Non è un passaggio facile. Díaz, che riceve la notizia per telefono da Pablo Iglesias mentre sta lavando le finestre – a proposito di persone in cui è possibile riconoscersi – è contraria. Non si fida di Sánchez che per non fare il governo delle sinistre ha riportato il paese al voto, non le piace che per la prima volta proprio il welfare venga separato dal dicastero. Accetta solo dopo molte pressioni ma impone come condizione che nell’accordo di governo entrino specificamente la deroga della Riforma del lavoro del governo Rajoy, la riforma delle pensioni e l’aggiornamento automatico degli stipendi in relazione all’aumento dei prezzi al consumo – la scala mobile, oggi indicata anche dall’Ue come strumento da implementare ai governi europei. Comincia a lavorarci dal primo giorno. Concreta, comunicativa, rispettosa delle forme, mai usa a polemizzare davanti alle telecamere, lavora dietro le quinte. E cambia le cose, aprendo un nuovo periodo di relazioni sindacali in Spagna importando nel paese la concertazione tra le parti sociali. Dal ministero ha propiziato e portato alla firma di ben sei accordi di categoria, inseriti nella costruzione della riforma complessiva del mercato del lavoro. Díaz usa tutti gli strumenti messi a disposizione dalle nuove linee strategiche sul lavoro dell’Unione europea e punta sul dialogo e la concertazione, arrivando alla prima riforma del lavoro che vede l’accordo di sindacati e padronato. Tra i ministri di punta è quella che fa meno dichiarazioni e interviste ma quella di cui, col tempo, le parole sono le più attese. Nel difficile rapporto tra i soci di governo, nel travaglio della parabola di Pablo Iglesias e di Podemos, Díaz riesce a tenere la barra, intervenendo a chiudere perentoriamente, imponendo il realismo e la concretezza, crisi e rese dei conti. Anche ora, nel corpo sentimentale della sinistra squassato dalla guerra, dal protagonismo del governo delle sinistre nella Nato, dalla svolta in politica estera dell’abbandono della celebrazione del referendum sull’indipendenza dei saharawi nell’ex Sahara spagnolo in favore della sovranità del Marocco, Díaz mantiene il controllo, evitando che le crisi esplodano.

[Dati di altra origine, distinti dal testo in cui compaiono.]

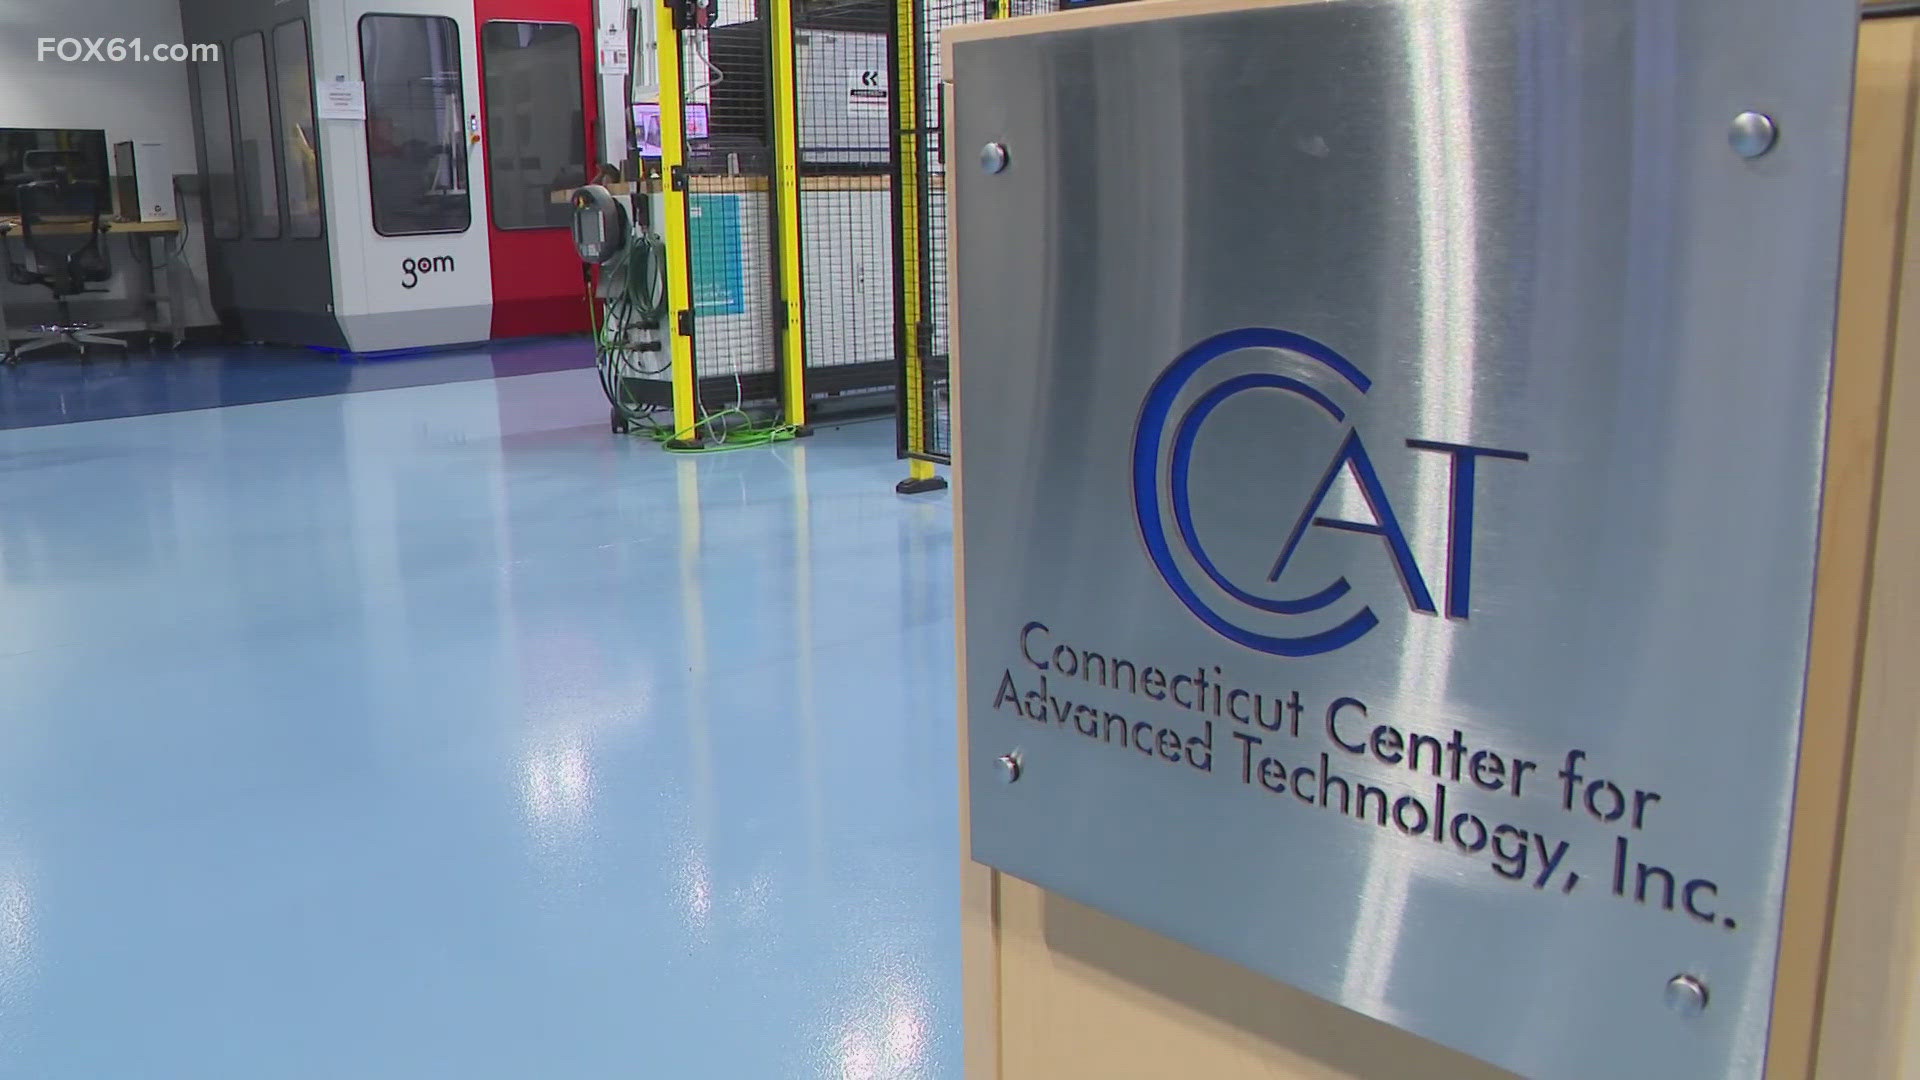 The mission of the Connecticut Center for Advanced Technology is to help companies with their manufacturing strategies. Their labs are filled with cutting edge tech.
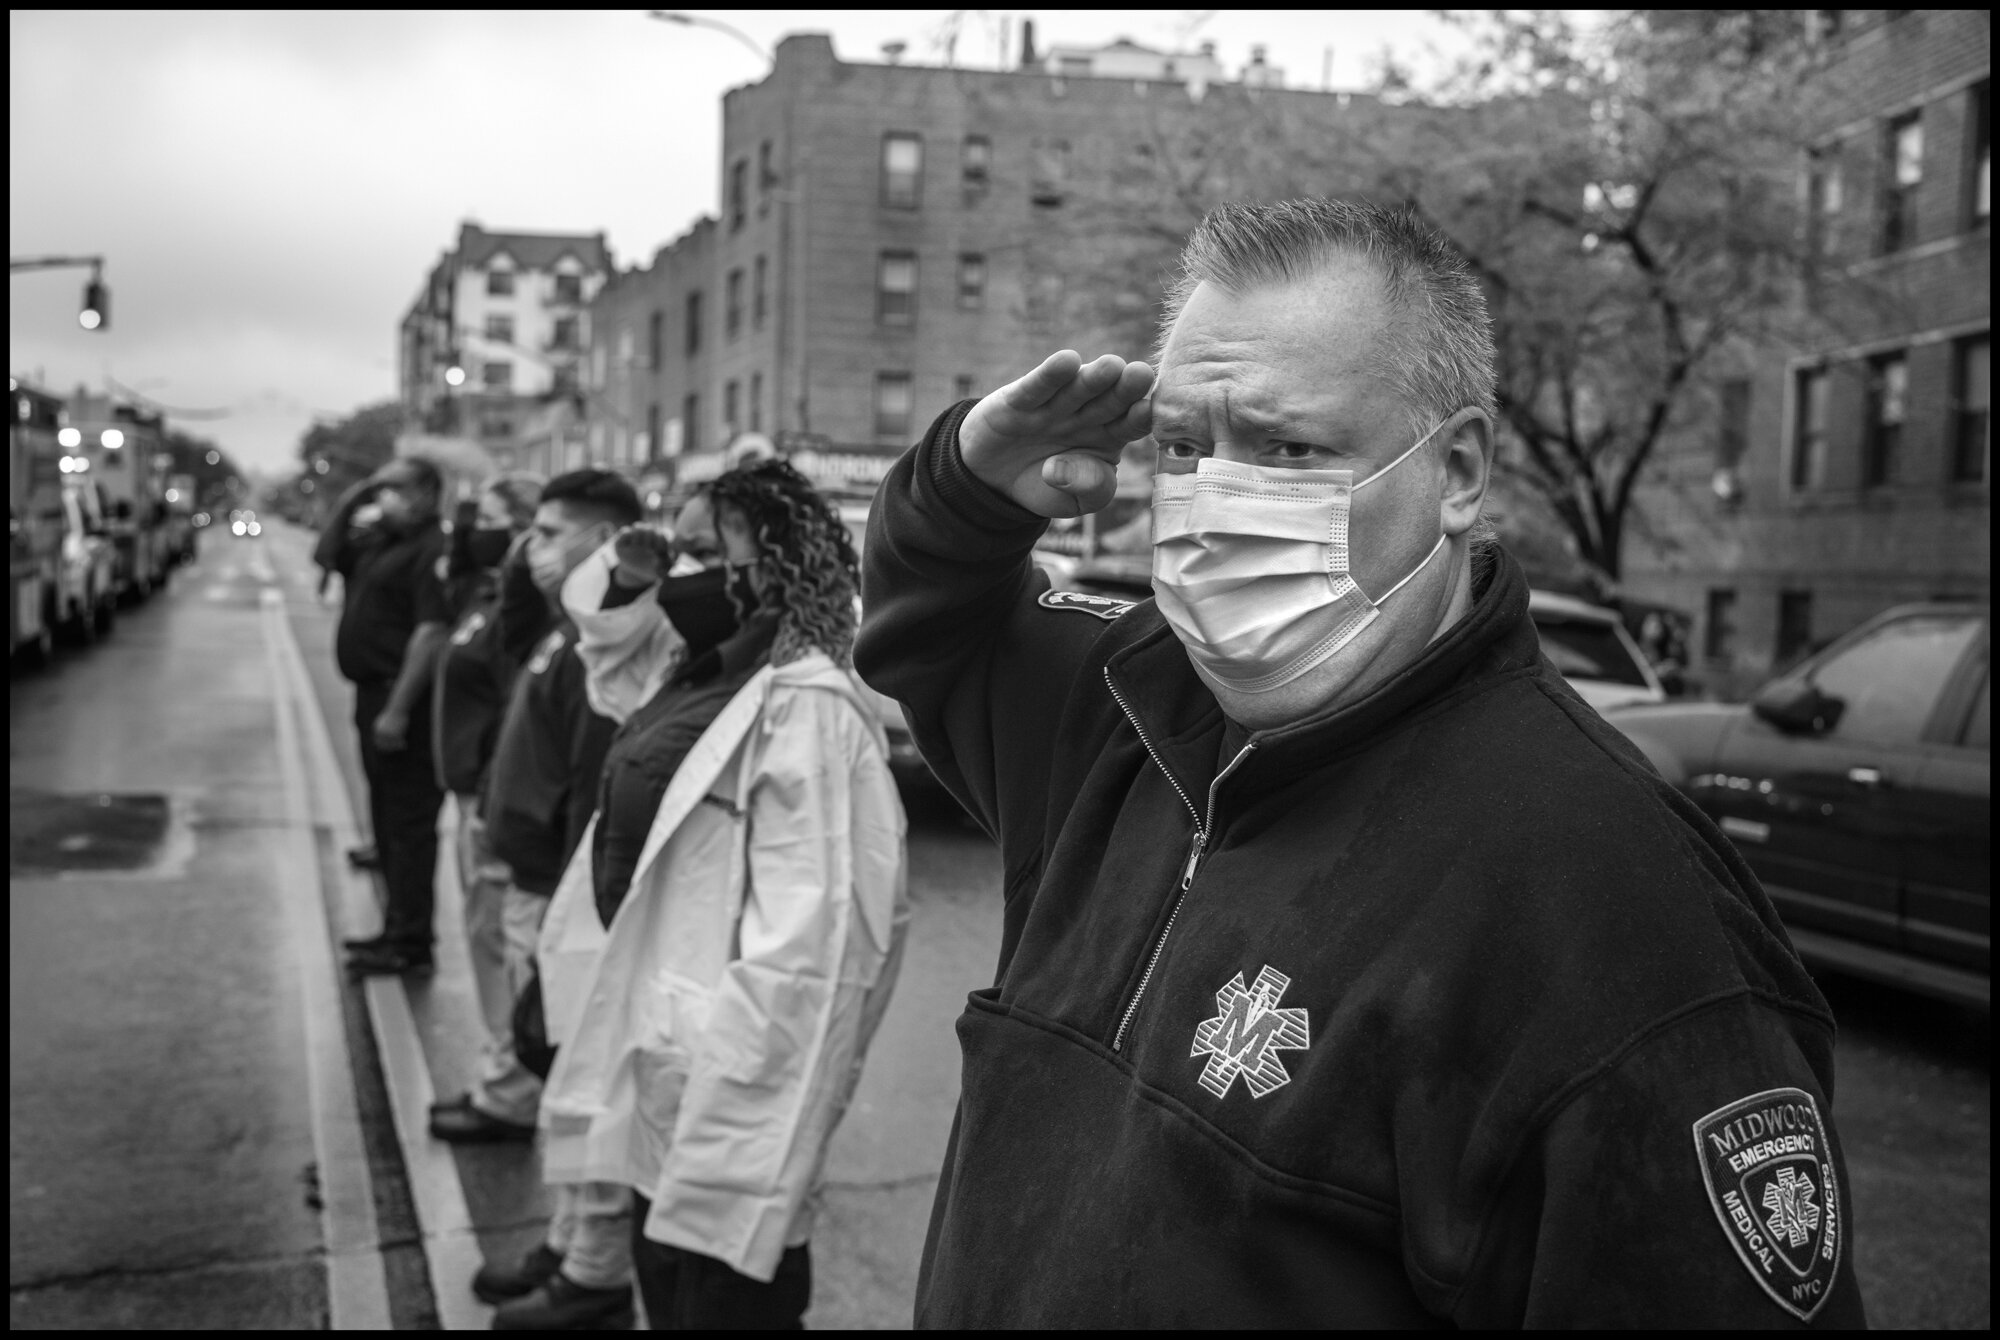  A funeral ceremony for Anthony “Tony” Thomas-a legendary Paramedic in the New York City area, who died of Covid-19 related causes. Bay Ridge, Brooklyn, New York.  April 30, 2020. © Peter Turnley.   ID# 32-020

È un animale politico molto particolare Díaz. Formazione sindacale ed eurocomunista con linguaggio e sensibilità contemporanee. Ha la forza di essere moderna e antica nello stesso tempo, espressione di oggi col metodo della politica, l’analisi, la capacità di capire gli spazi, la correlazione di forze, la concretezza dell’obiettivo. Un patrimonio famigliare e democratico spagnolo. Una forza, nella sentimentalizzata politica spagnola. Sicuramente, un’unicità.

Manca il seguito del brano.